- Integrated Systems
- About Us
- Integrated Systems
- About Us
Starting your AI journey with a solid partnership: HPE Apollo, WekaFS™ and NVIDIA GDS®
The competitive stakes are high in the race for artificial intelligence (AI) innovations. If you haven’t already started your AI journey, starting now is the key to keeping pace with the competition. While embarking on any journey requires advanced preparation, if your final destination is important enough, ultimately you just have to begin. So how do you get going?
Guest blog by Ken Grohe, President & CRO, WekaIO
No matter what subject your AI initiative quest covers, such as autonomous driving, cures for disease, or vaccines for life-changing pandemics like COVID-19, making your AI setup effective and competitive requires a solid foundation of data science talent within your organization and three essential elements that work together in harmony to effectively arm the data scientists with the tools they need for the quick wins they want. What are these essential elements?
- A server platform providing unprecedented performance through accelerated compute with NVIDIA® GPUs, think HPE Apollo 6500
- A fast network, think NVIDIA® Mellanox®
- A modern parallel file system like WekaIO™ to manage the data, implemented by HPE as the HPE Solution for Weka
This solution leverages that fast network and the balanced performance and flexibility of HPE ProLiant DL360 servers to provide an infrastructure on which Weka is, as HPE described in this blog on AI data stores, “superfast” and can best “feed the beast” of data-hungry GPUs, providing the best utilization of the Apollo 6500s and the engineers and scientists who use them. These elements can be depicted as a triangle, with all sides fitting together and sitting firmly on your organization’s foundation of talent. (See Figure 1.)
Where AI meets HPC
Let’s step back from the triangle for a moment and look at the changing landscape. Historically, high-performance computing (HPC) and AI were two distinct markets, but now there is a convergence of HPC and AI. Whereas HPC traditionally was focused on a relatively small number of large organizations on the edges of enterprise computing that led crazy-big research projects and used enormous data clusters, these days AI, machine learning (ML), and deep learning (DL) have become HPC in the enterprise. It’s speculated that by 2022 the commercial mainstream market will be in full production for AI/ML. Admittedly, many organizations are just in the budding phases of their initiatives, but most will be putting real resources and energy behind their AI efforts by 2022, and that’s just around the corner.
GPUs are the workhorses of computing
To elaborate upon the first essential element in our isosceles triangle, let’s talk about what's happening in HPC and AI enterprises now. The modern buyer journey involves investing in server platforms that can leverage compute acceleration technologies, like GPUs. AI needs a powerful compute infrastructure to explore, extract, and examine the data to gain deep insights and deliver breakthrough results, and GPUs are at the heart of modern supercomputing.
As the quintessential workhorses and multitaskers, GPUs easily manage the most complex data sets in AI workloads. Platforms like the Apollo 6500 provide the balance of accelerated compute, memory, and high speed NVLINK interconnects to process those workloads with unprecedented performance. This results in not only faster results but high quality since more iterations means more accuracy.

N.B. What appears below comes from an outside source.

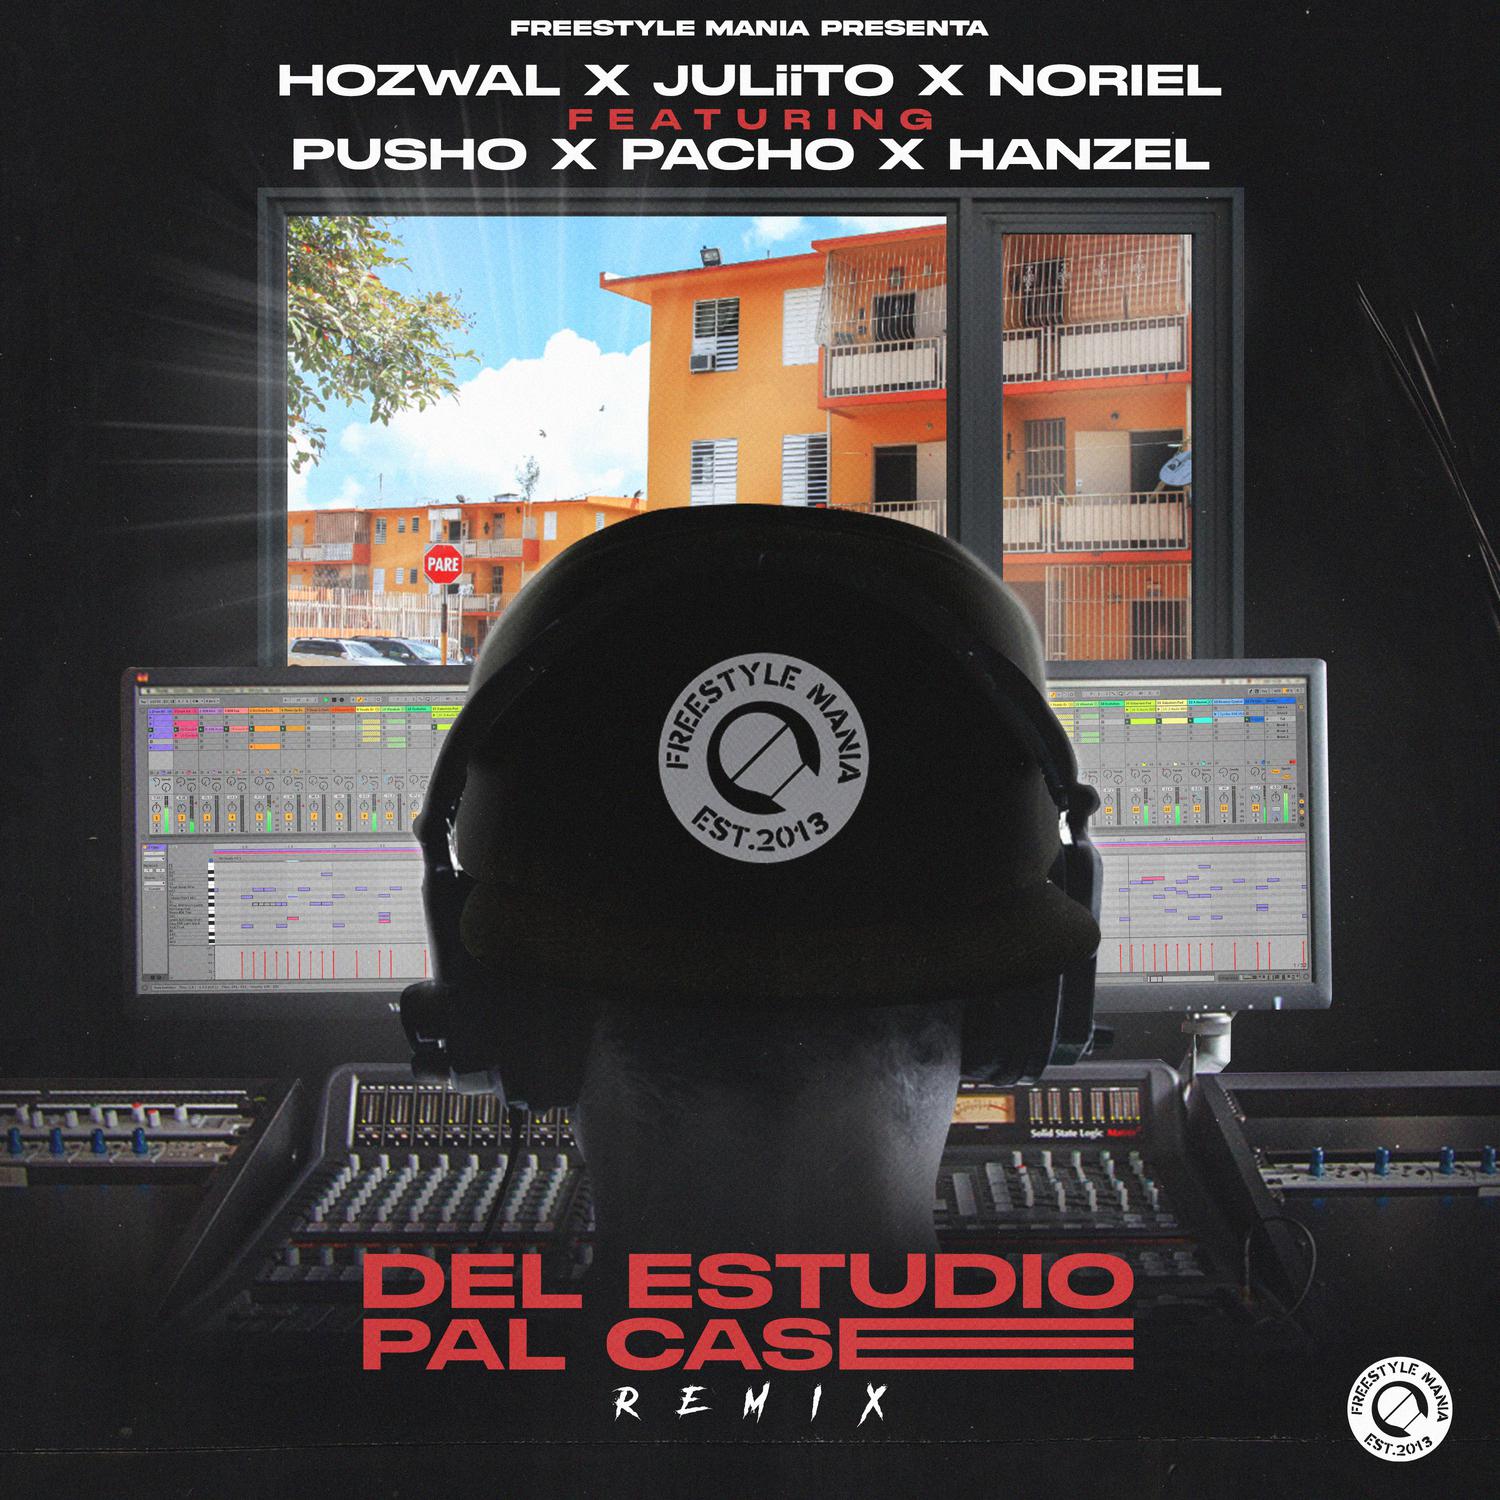 Pusho - Del Estudio Pal Case (Remix)

“GPU performance has continued to grow, data movement becomes increasingly important, and WekaIO has pioneered an impressive modern parallel file system that delivers important capabilities to accelerate AI and workloads at scale.” – Jeff Herbst, Vice President, Business Development, NVIDIA
Bigger, better, faster, stronger
Our second essential element is a fast network. Data centers carry heavy loads as they try to keep up with the growth that’s necessary to stay competitive in the world of AI. Everything is getting bigger: application size, data size, cluster size, compute size, and more. The networking portion is arguably the most difficult.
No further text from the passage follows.